== Segment start ==

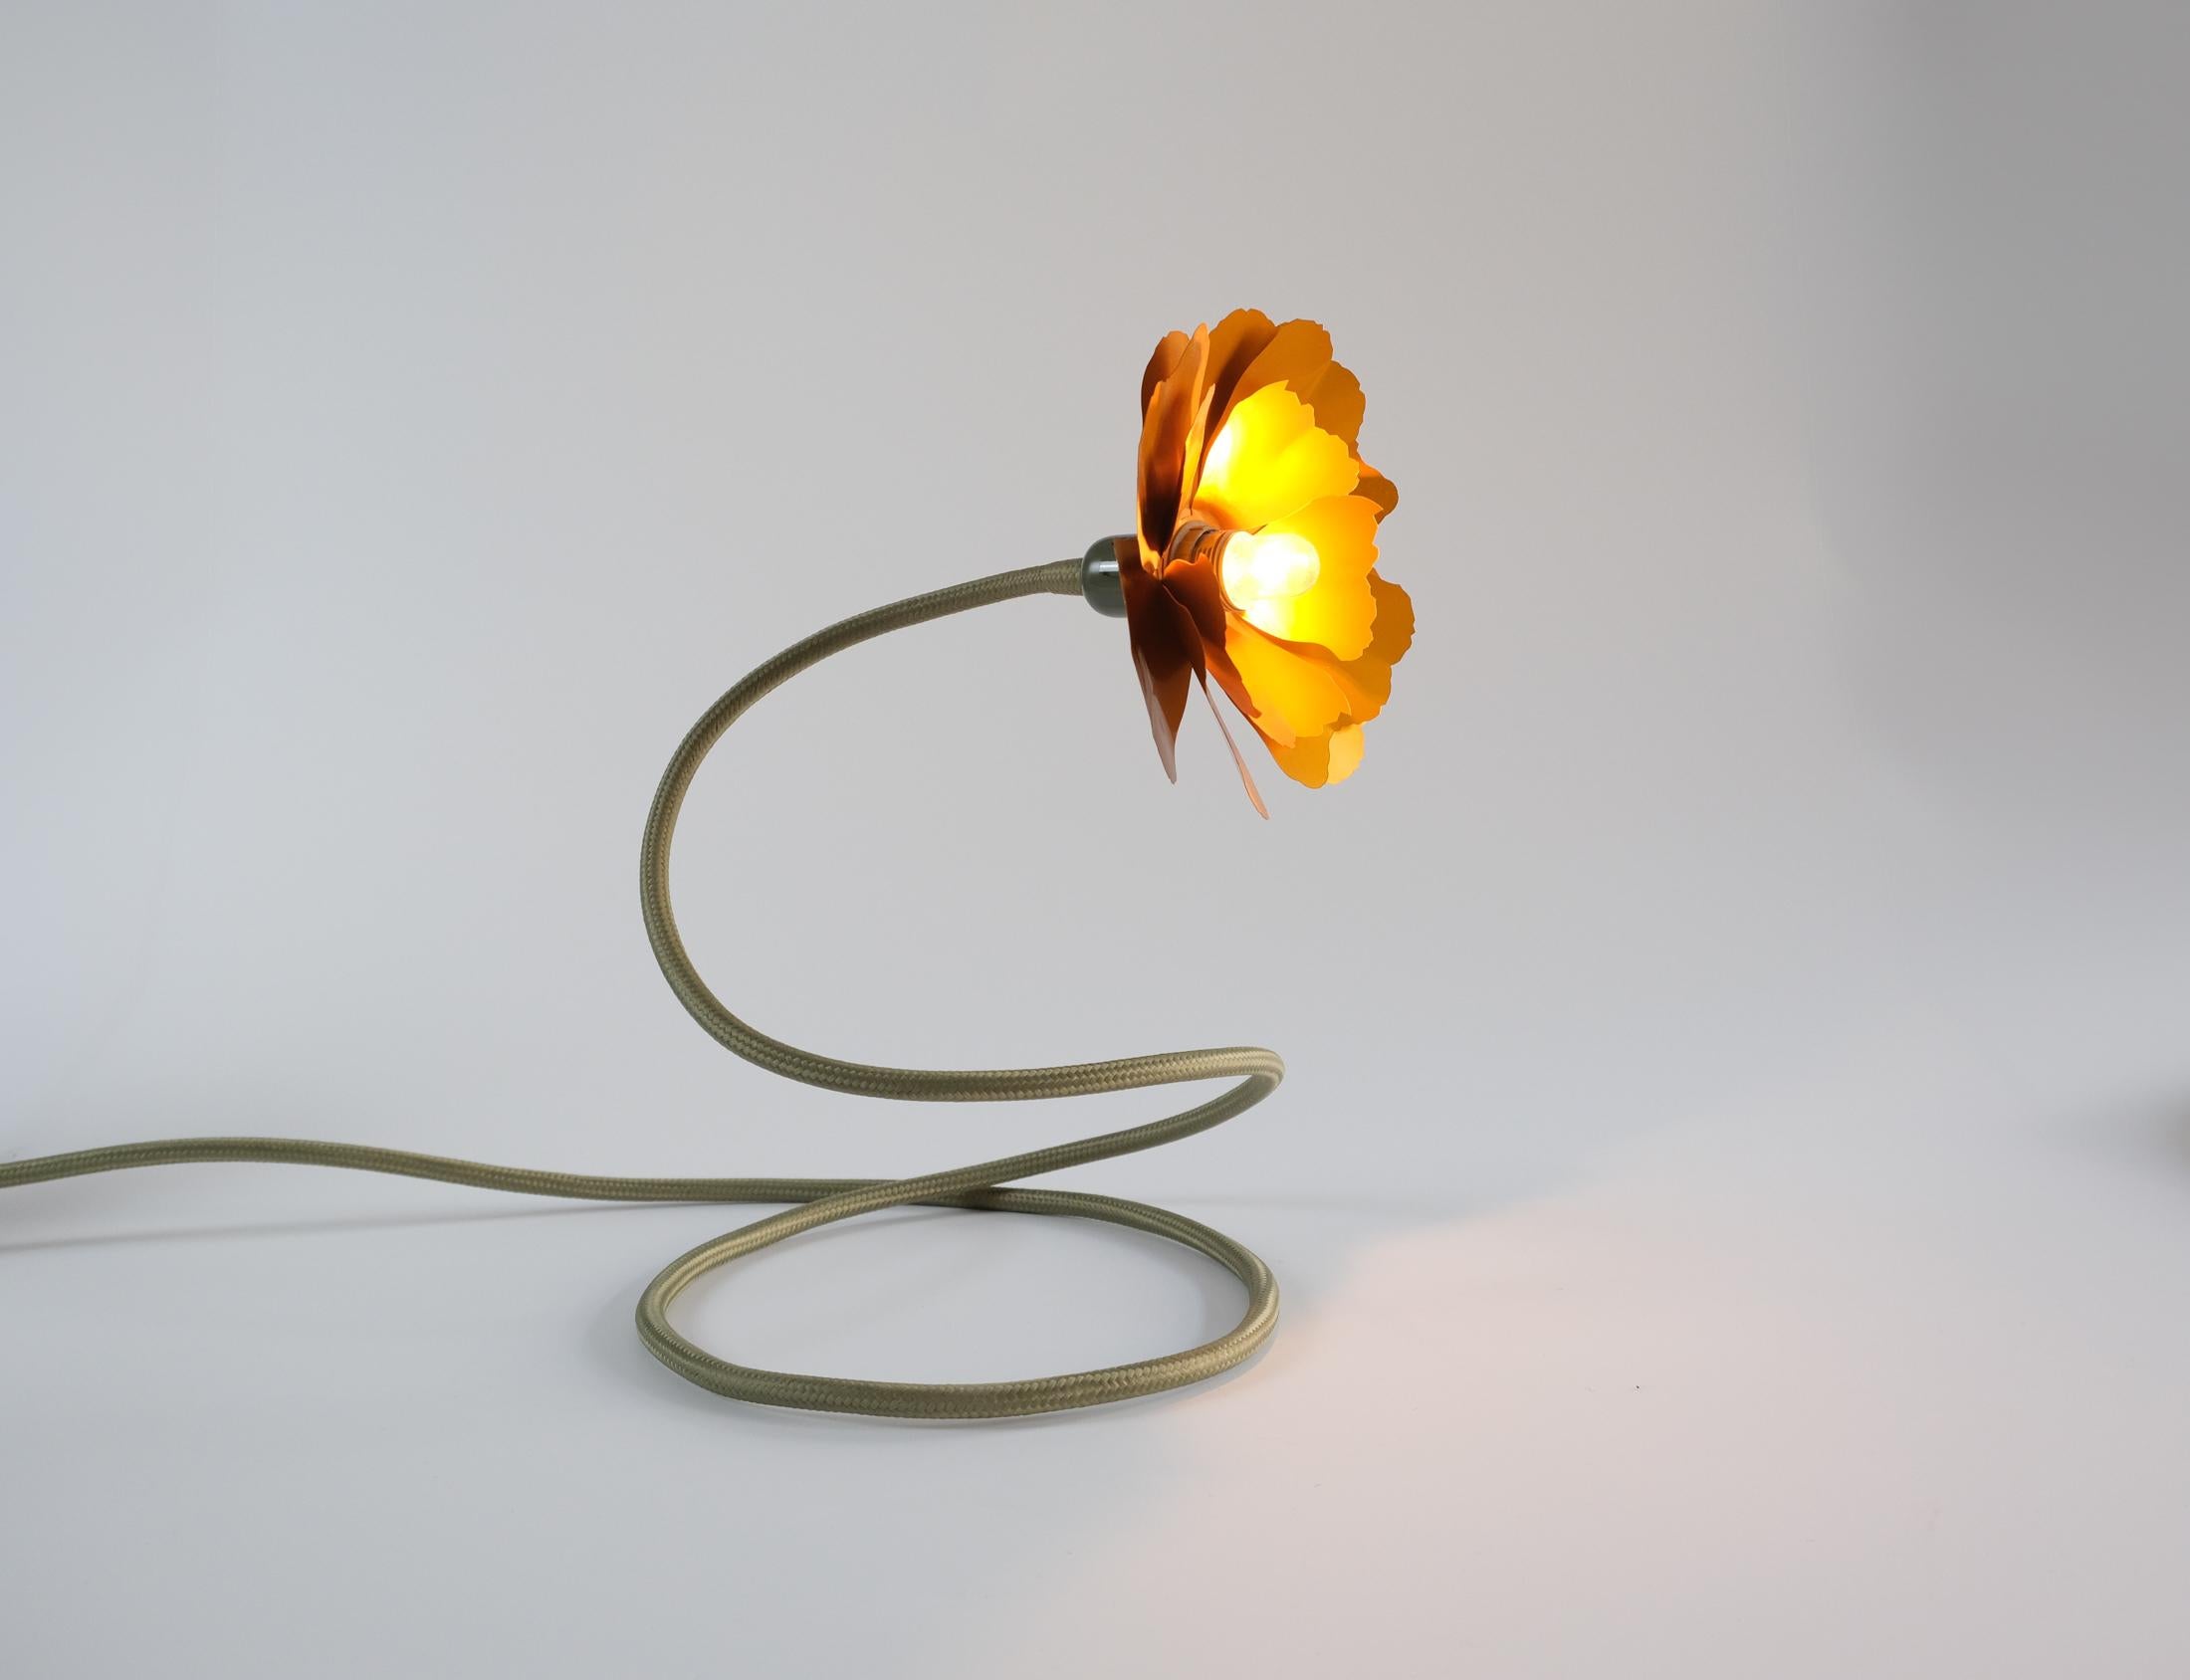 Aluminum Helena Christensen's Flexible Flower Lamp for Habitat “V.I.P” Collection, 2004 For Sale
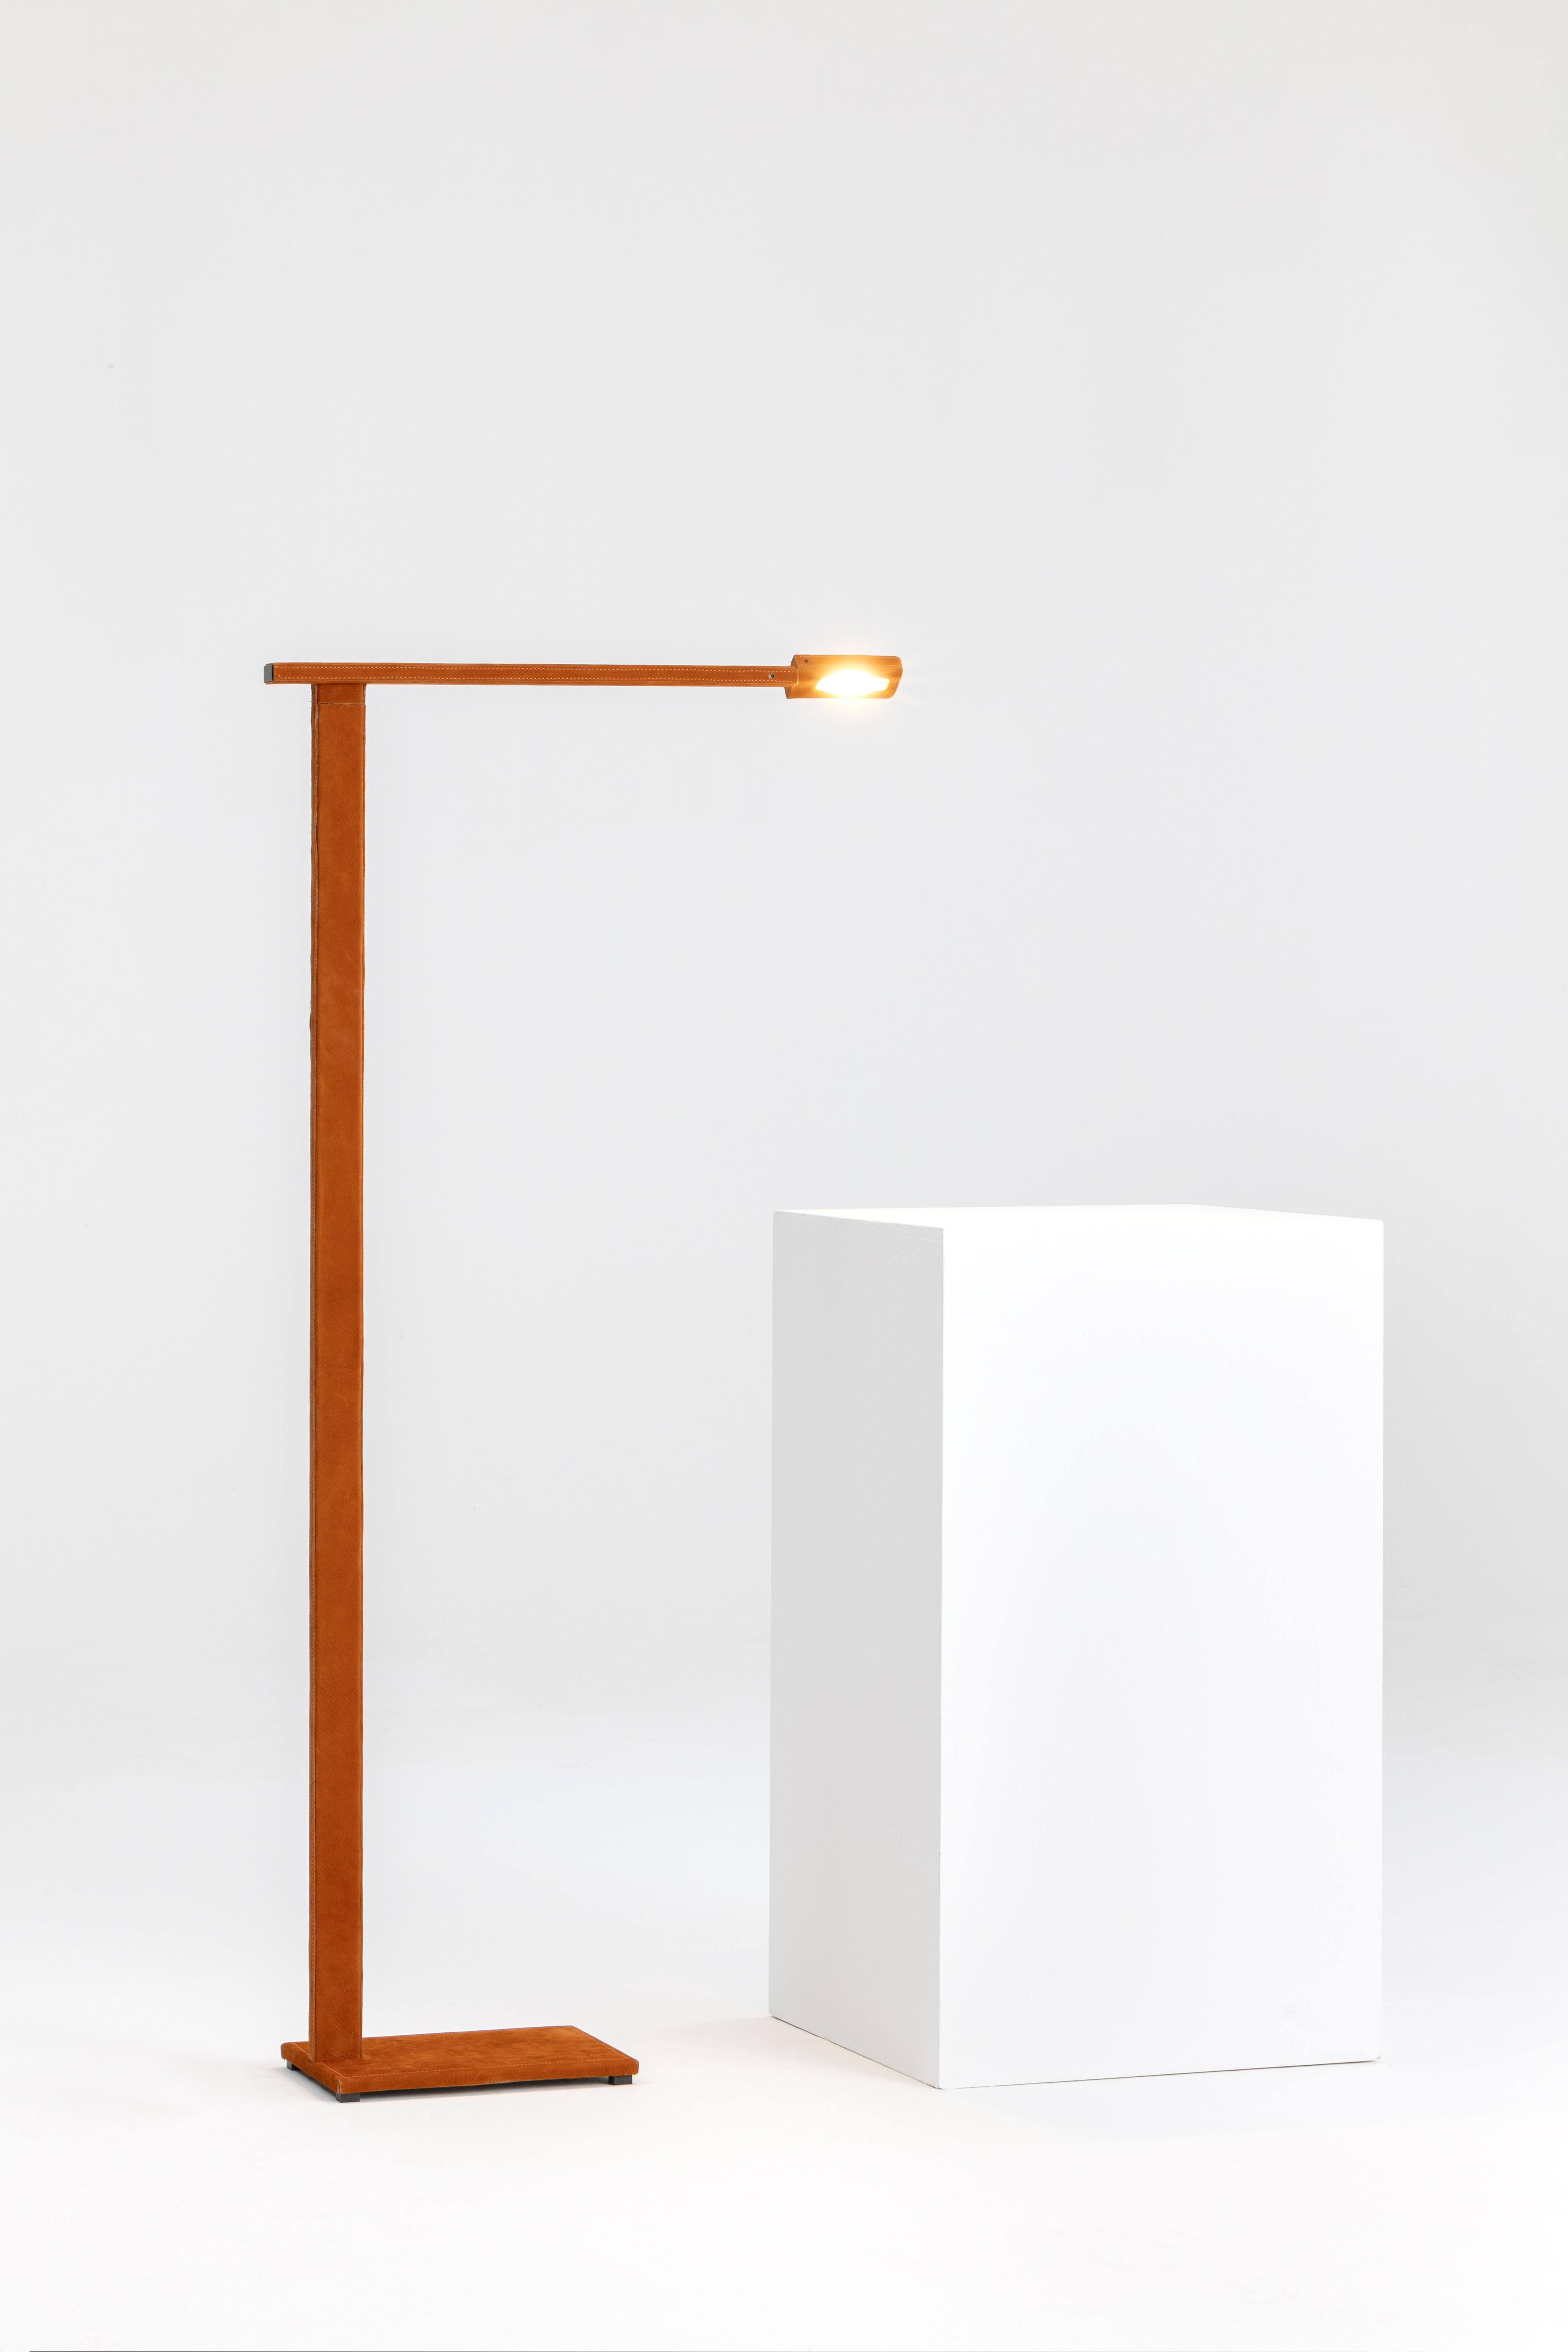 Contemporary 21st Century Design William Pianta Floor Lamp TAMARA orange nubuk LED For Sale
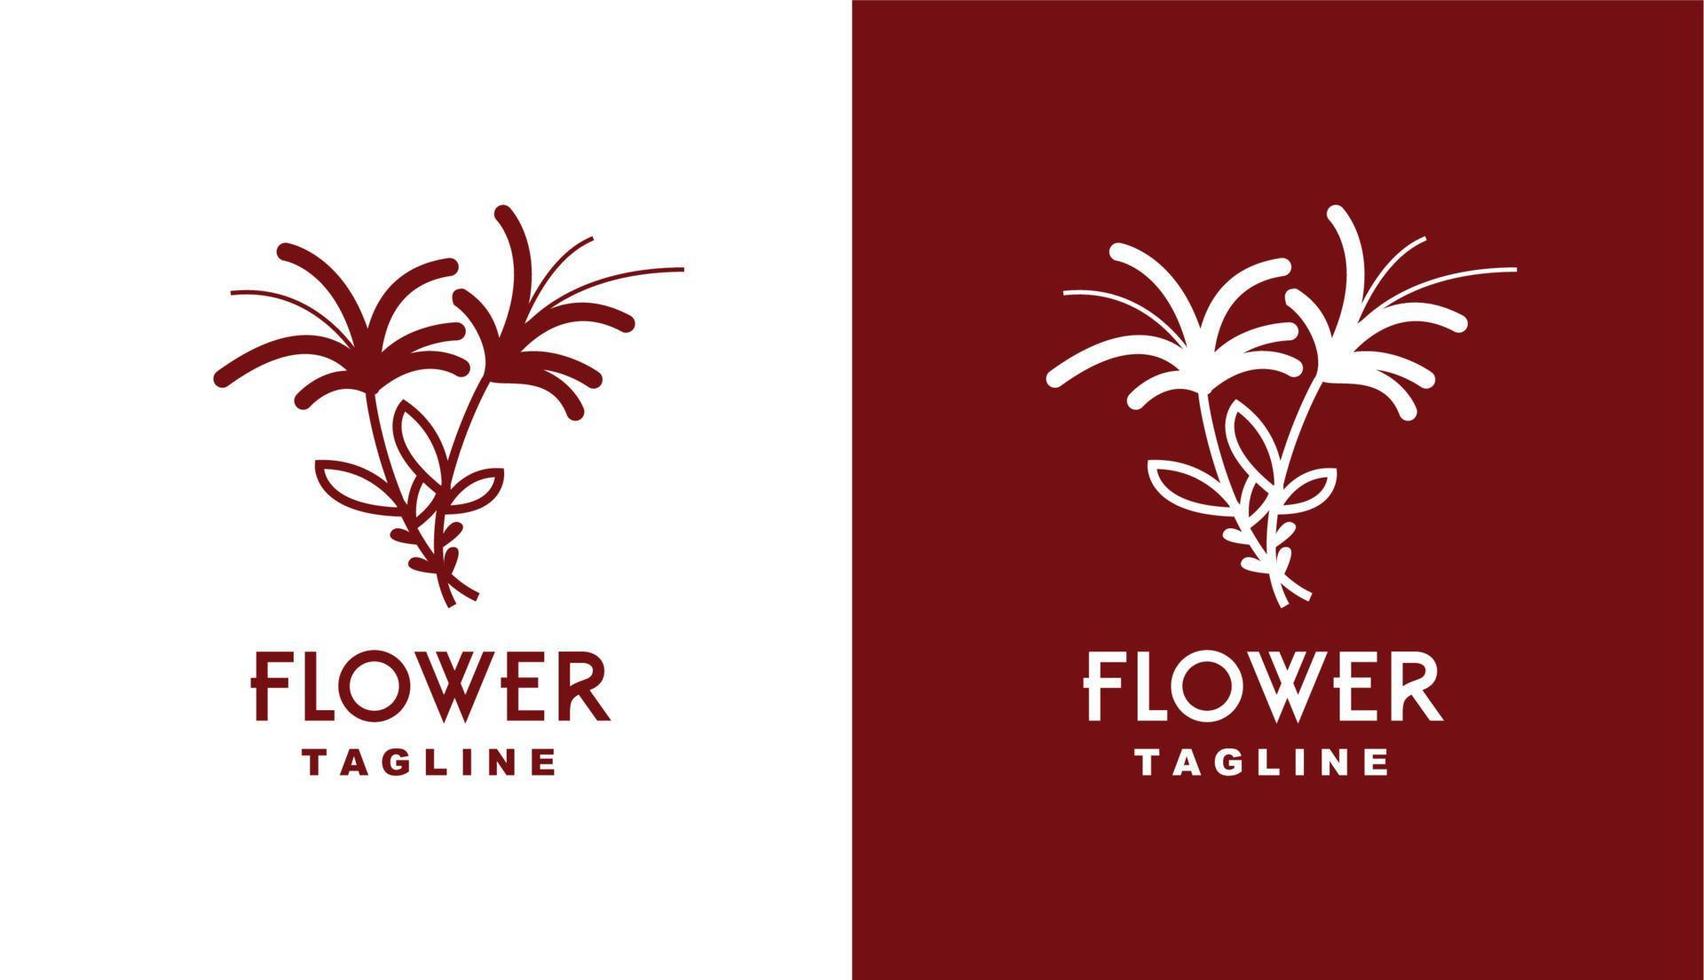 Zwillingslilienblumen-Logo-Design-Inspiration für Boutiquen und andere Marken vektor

== Segment end ==

__TRY IT__: Now repeat exactly the lines from the one with "Contemporary 21st Century" through the end of the listing above, both included, omitting all pictures.

__RESULT OF THE EXERCISE__:
 Contemporary 21st Century Design William Pianta Floor Lamp TAMARA orange nubuk LED For Sale
 Zwillingslilienblumen-Logo-Design-Inspiration für Boutiquen und andere Marken vektor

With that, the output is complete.